Cornell’s Bronfenbrenner argued that having community allies escort workers back to work to ward off post-strike retaliation was the campaign’s most important innovation, and a testament to the deep community ties the campaign had built. “As long as they can keep the bosses from beating them down by having the eyes of the world always on them, keep the campaign in the sunshine,” she said, “they have a chance.” Because a national fast food corporation could simply cut off the franchise contract of any local store owner who started bargaining collectively with workers, noted Bronfenbrenner, winning unionization would require compelling corporations to forswear union-busting. “So it’s either going to be big,” she said, “or it’s not going to happen.”
Sociologist Stanley Aronowitz, who directs the Center for the Study of Culture, Technology and Work at the City University of New York, credited the campaign with “putting tremendous pressure, good pressure, on the fast food chains to raise their wages.” But he expressed concern that SEIU would be too quick to make a deal with corporations restricting future strikes. “They have gotten this far because they have taken direct action, and they have expanded their direct action efforts,” Aronowitz told Salon. “If they decide to settle down prematurely, I think they will duplicate what happened to the United Auto Workers, and what’s happened to the public employees unions, which is basically that they’re put permanently on the defensive.”

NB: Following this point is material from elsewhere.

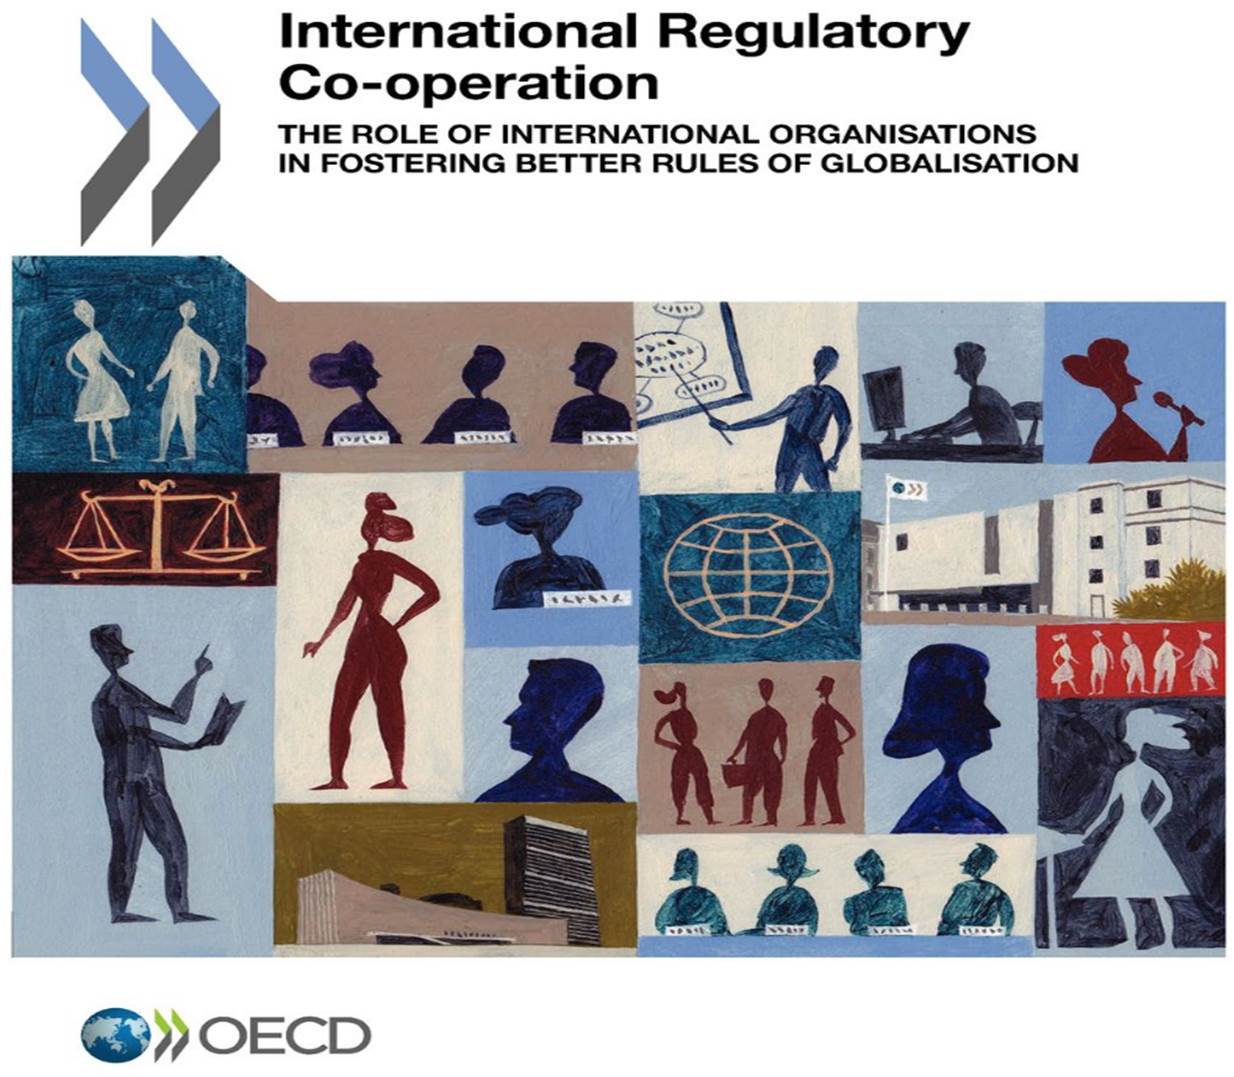 Global Accreditation Systems contribute to International Regulatory Co-operation (OECD, 2016)

Today’s strike comes one day after the fiftieth anniversary of the 1963 March on Washington for Jobs and Freedom. According to Rev. Rafanan, St. Louis strikers will honor the march, and a subsequent local protest in which civil rights activists chained themselves to the Jefferson Bank, by participating in a civil disobedience training this afternoon. Asked if that means we’ll see more fast food workers mounting civil disobedience, Rafanan said, “Certainly that’s where we’re ramping up to.”
Julio Wilson said the march’s anniversary “ties in perfectly” with the strikes’ spread south. Wilson told Salon the example of Martin Luther King “has inspired me personally to stand up for what I believe in, and that’s exactly what I’m going to do.” Asked how many of his Raleigh store’s twenty employees would join the first-of-its-kind strike, he answered, “Hopefully all of them.”